=== INSTRUCTIONS FOR THE TASK ===
Give back the lines below exactly, but do not include any pictures.

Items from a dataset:
»»
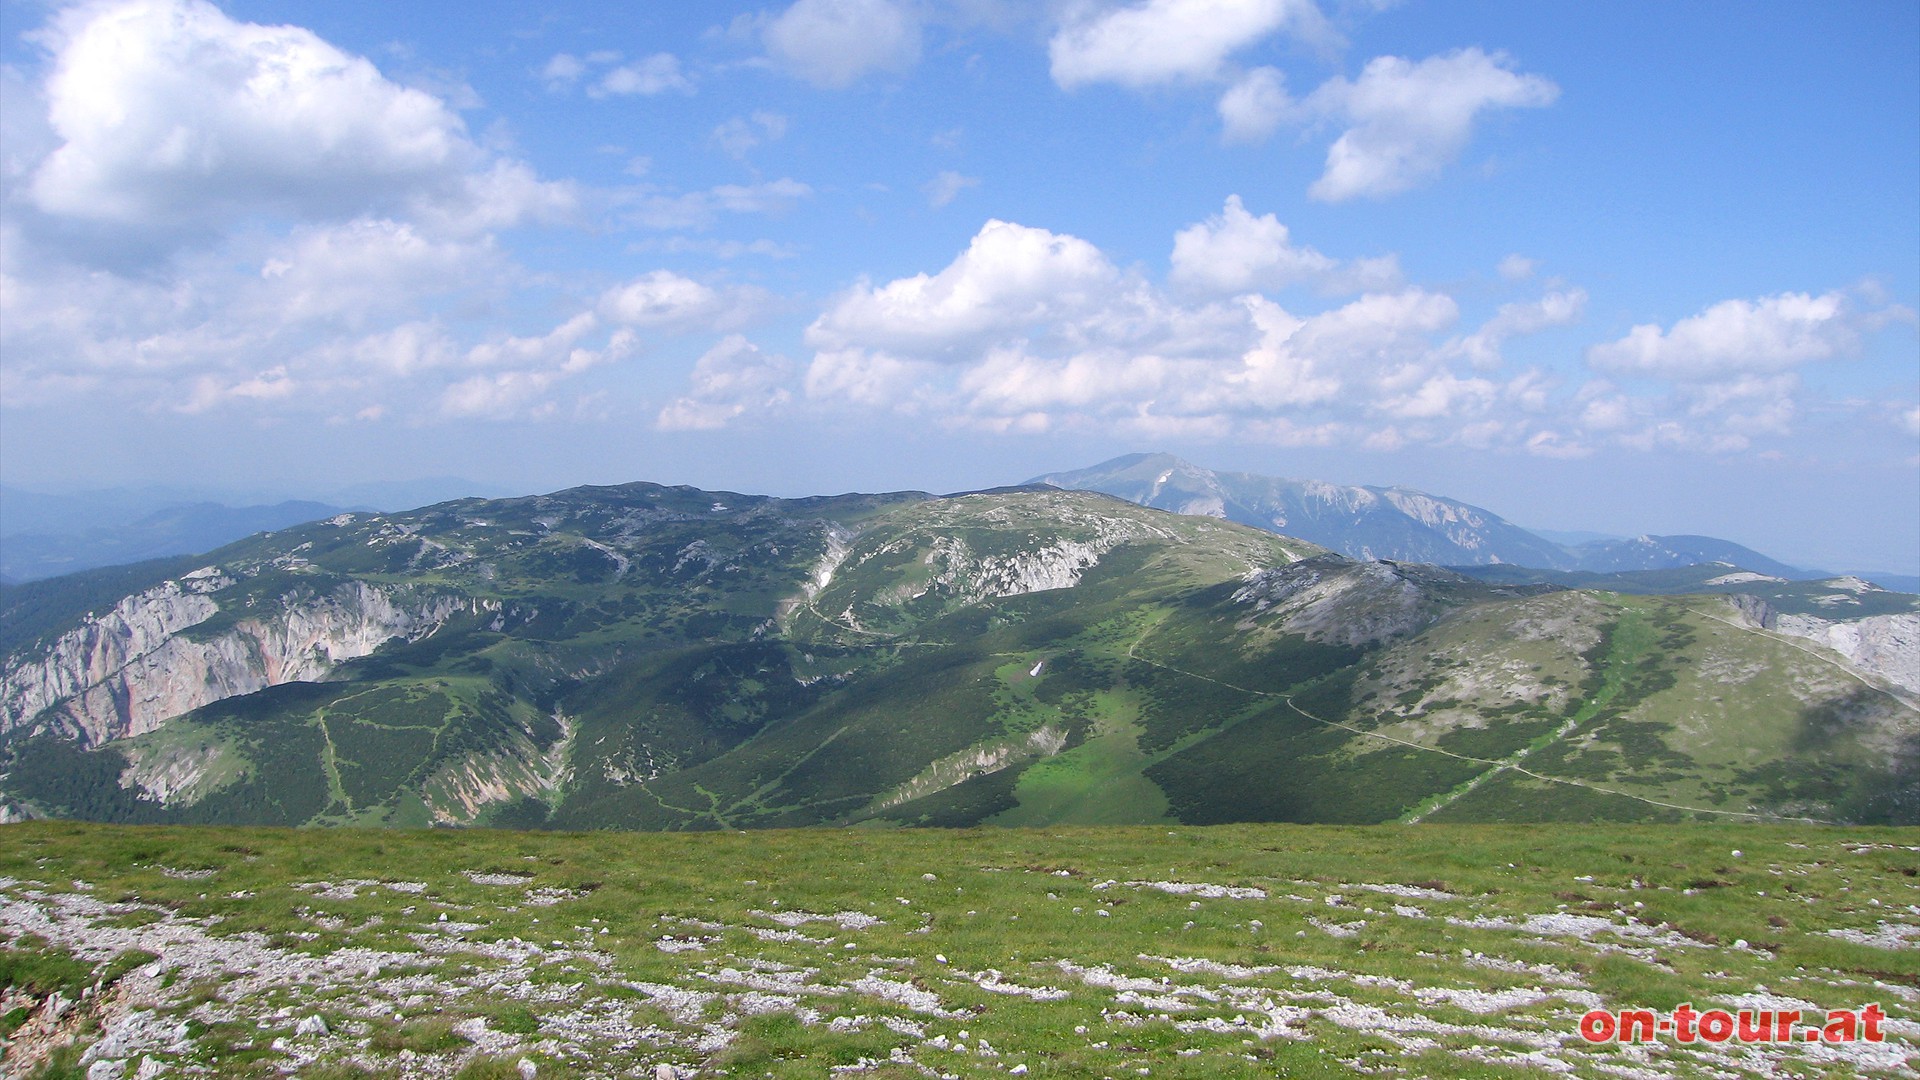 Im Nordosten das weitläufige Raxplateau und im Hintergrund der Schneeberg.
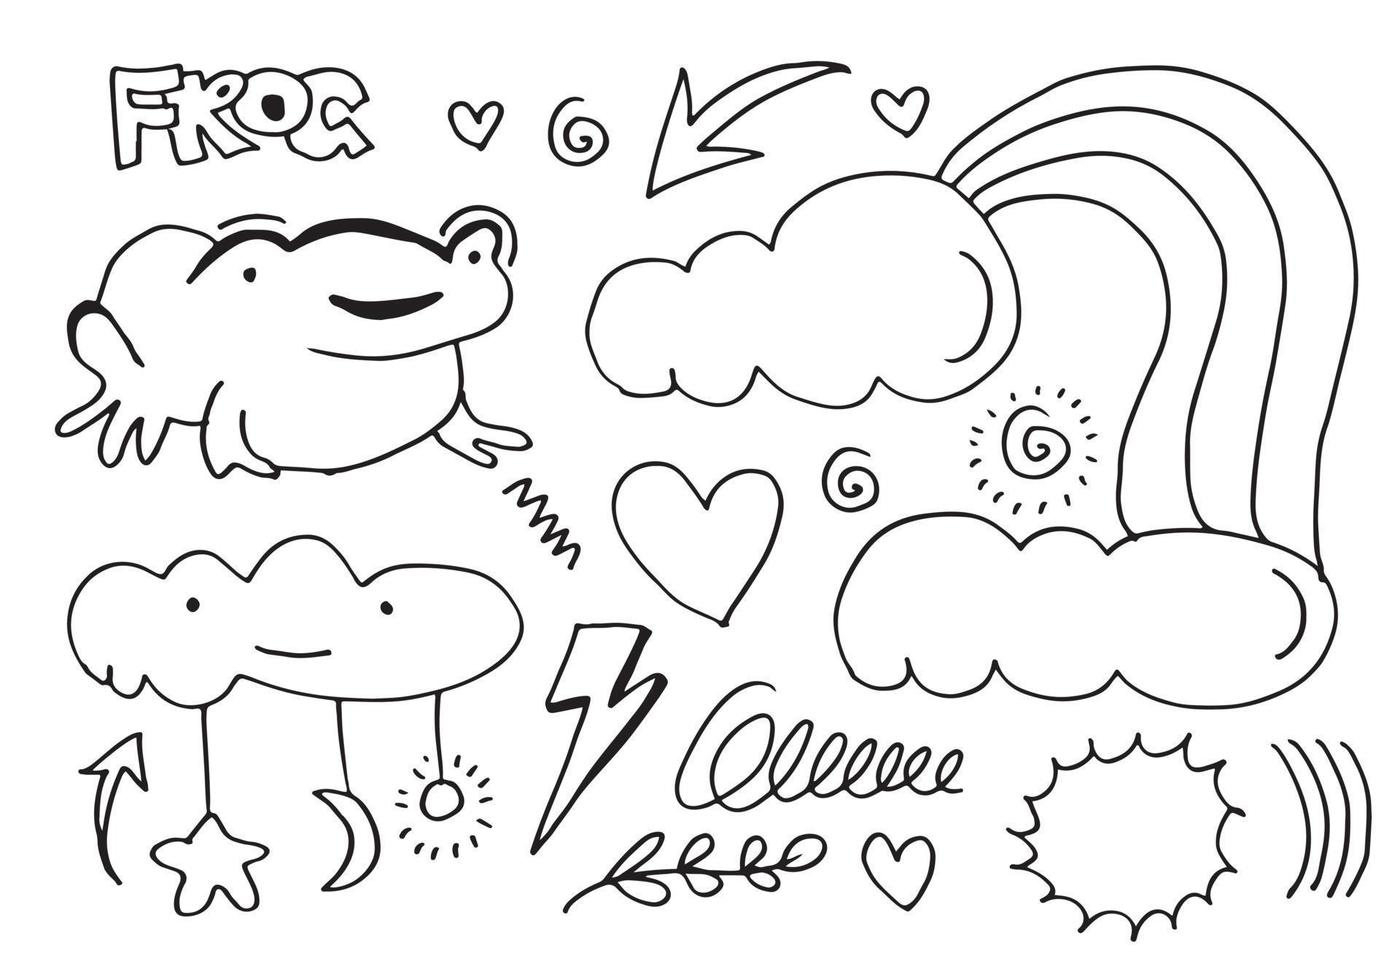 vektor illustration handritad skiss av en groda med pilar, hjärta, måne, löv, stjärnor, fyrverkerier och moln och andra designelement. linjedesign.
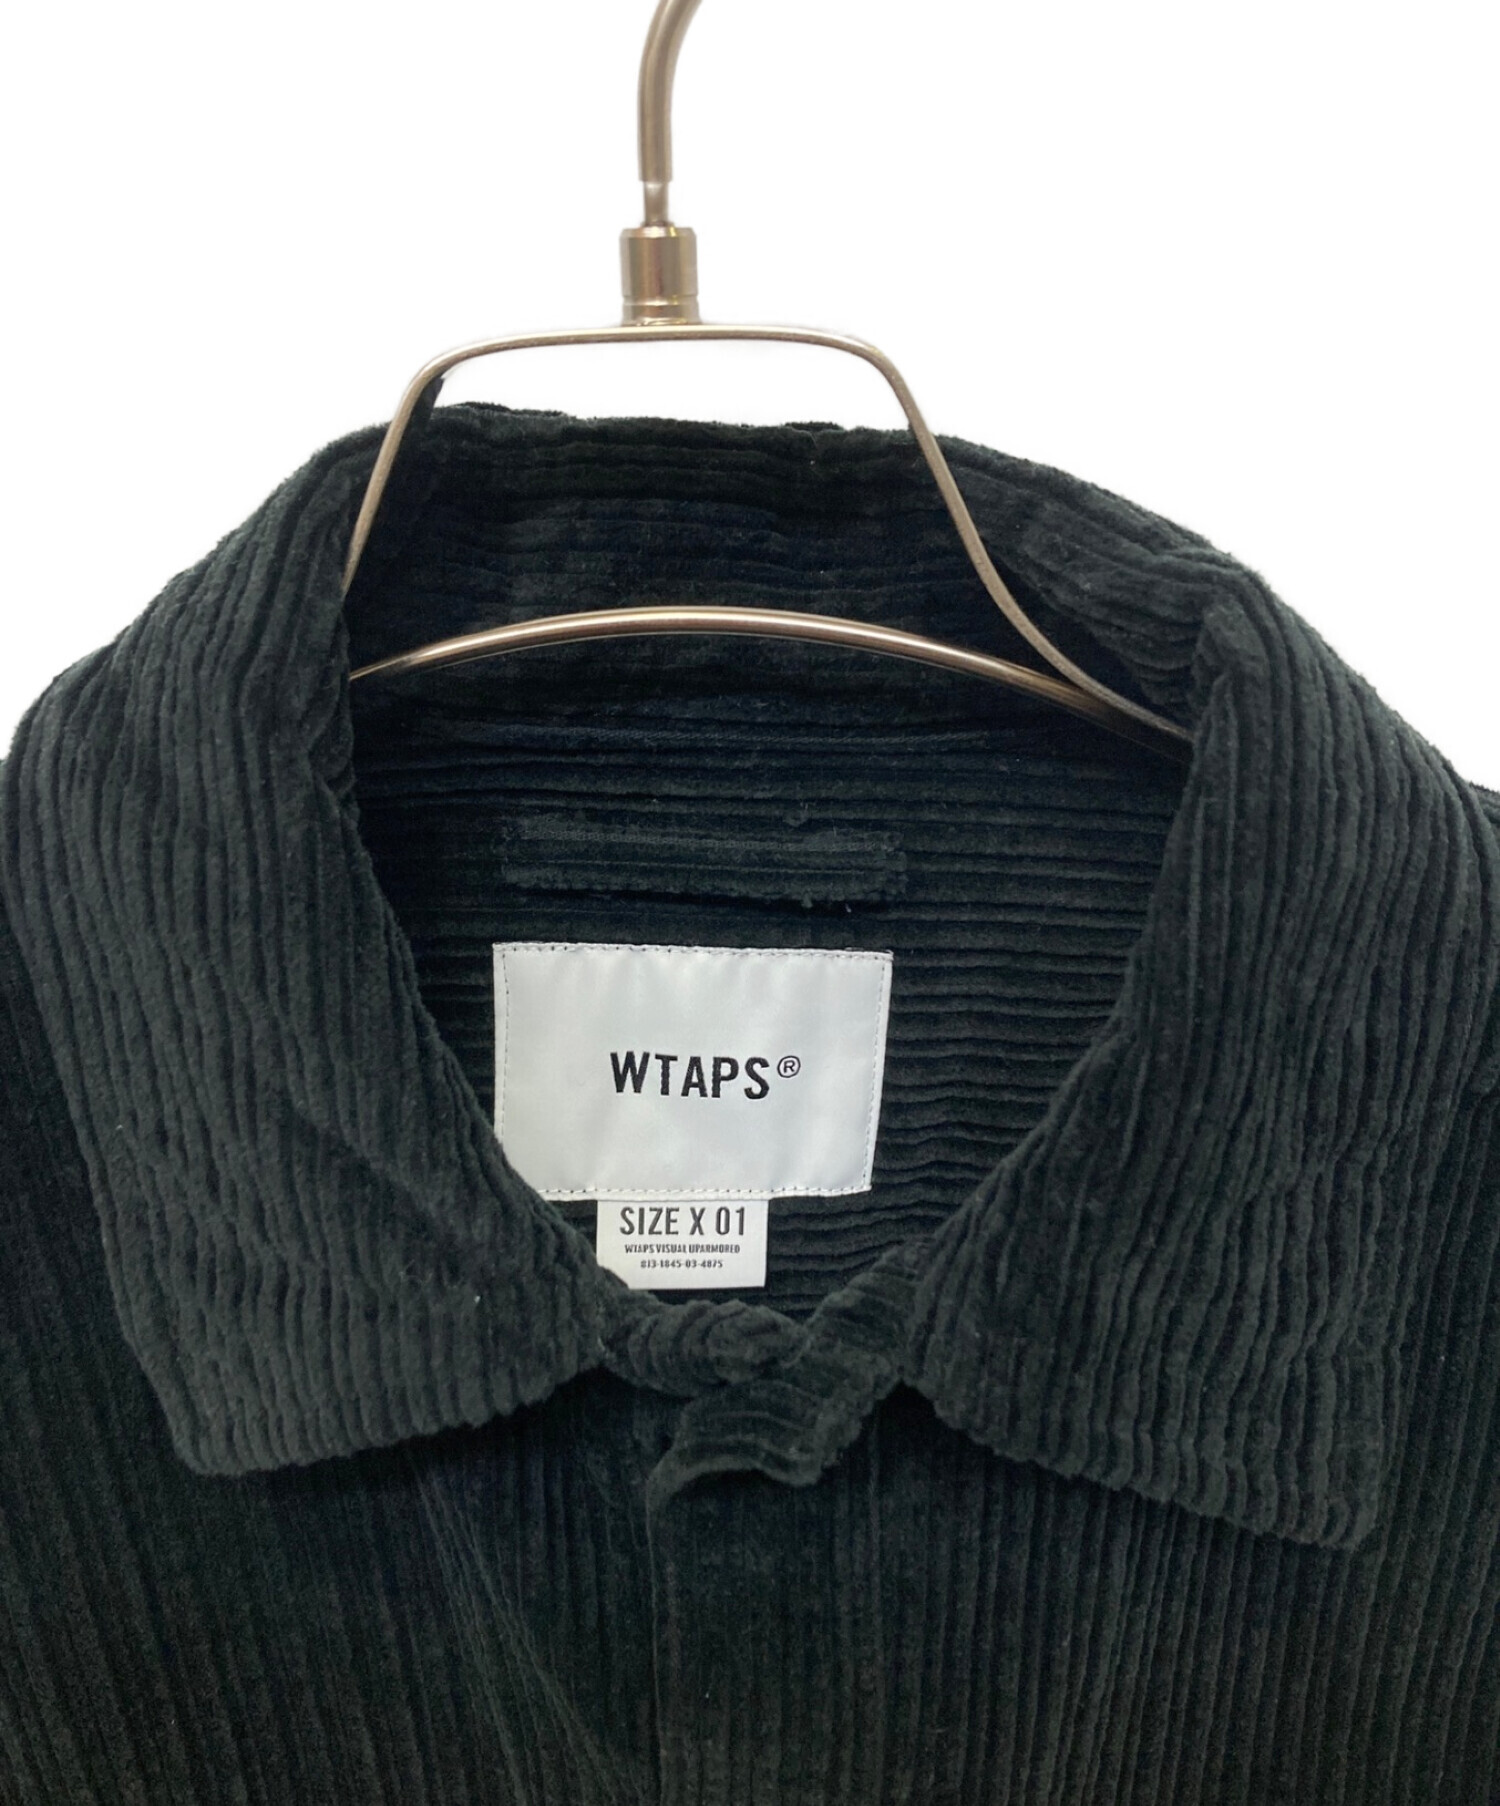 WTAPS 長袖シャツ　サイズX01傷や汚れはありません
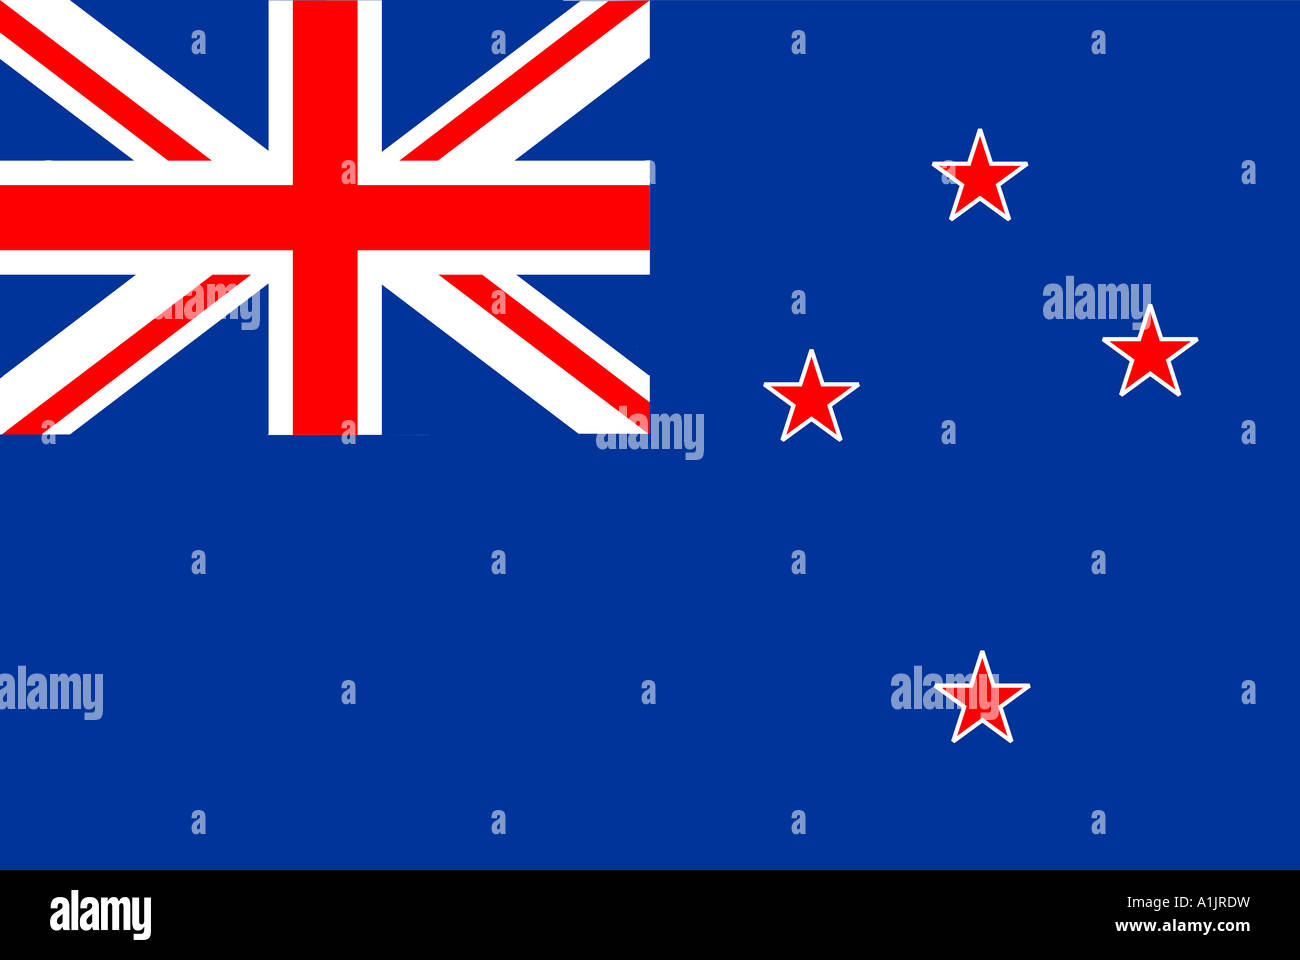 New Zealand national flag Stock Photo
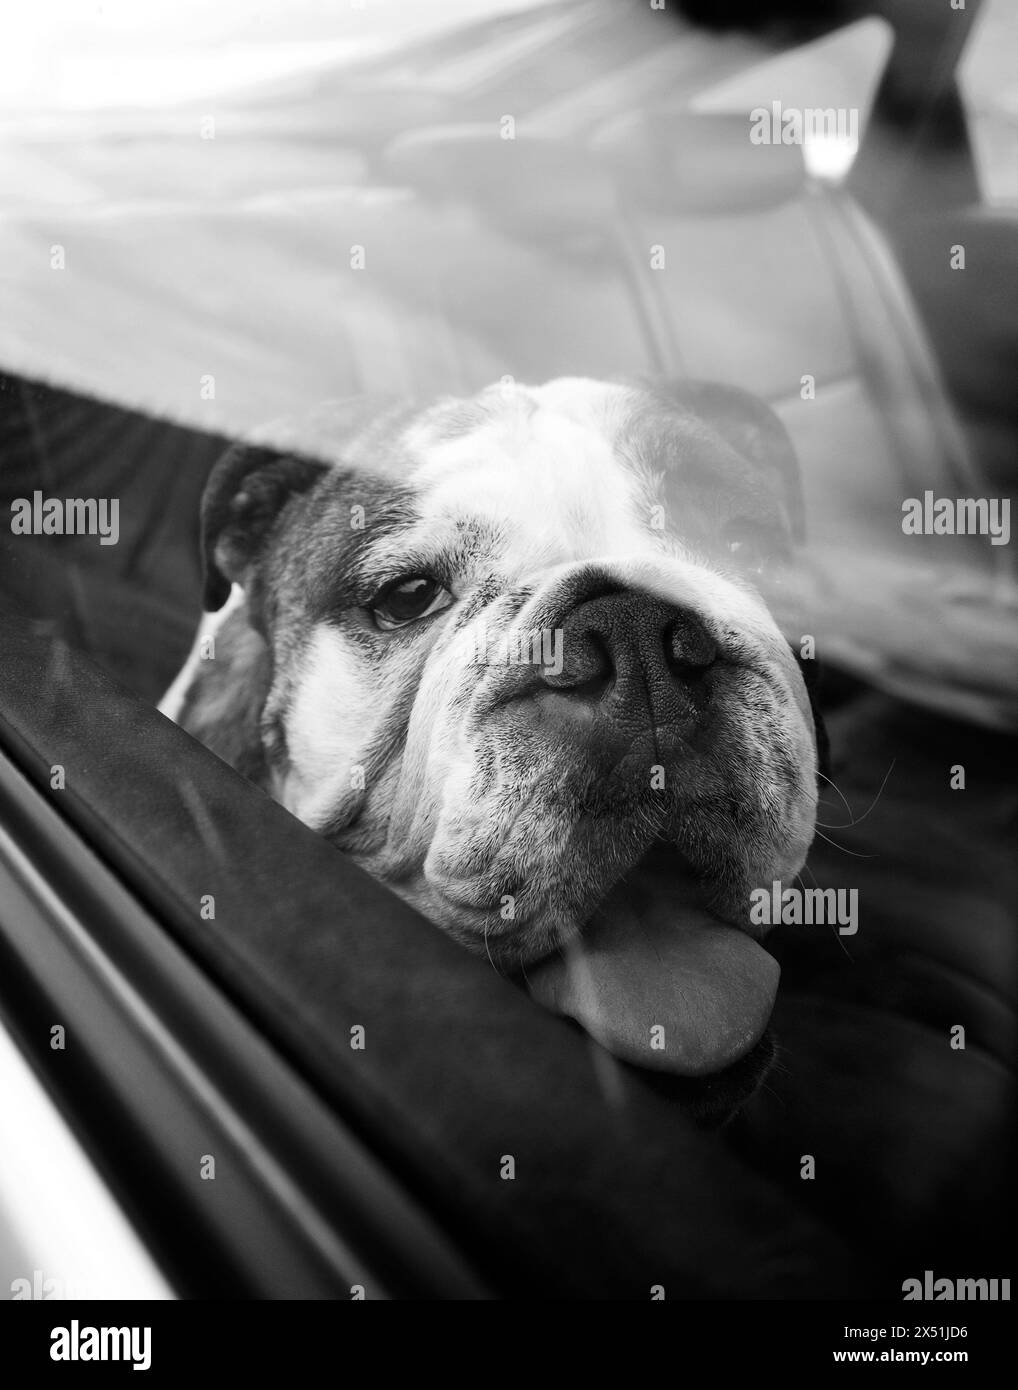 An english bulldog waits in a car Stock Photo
««
=== OUTPUT BELOW ===
 Im Nordosten das weitläufige Raxplateau und im Hintergrund der Schneeberg.
 vektor illustration handritad skiss av en groda med pilar, hjärta, måne, löv, stjärnor, fyrverkerier och moln och andra designelement. linjedesign.
 WTAPS 長袖シャツ　サイズX01傷や汚れはありません
 New Zealand national flag Stock Photo
 An english bulldog waits in a car Stock Photo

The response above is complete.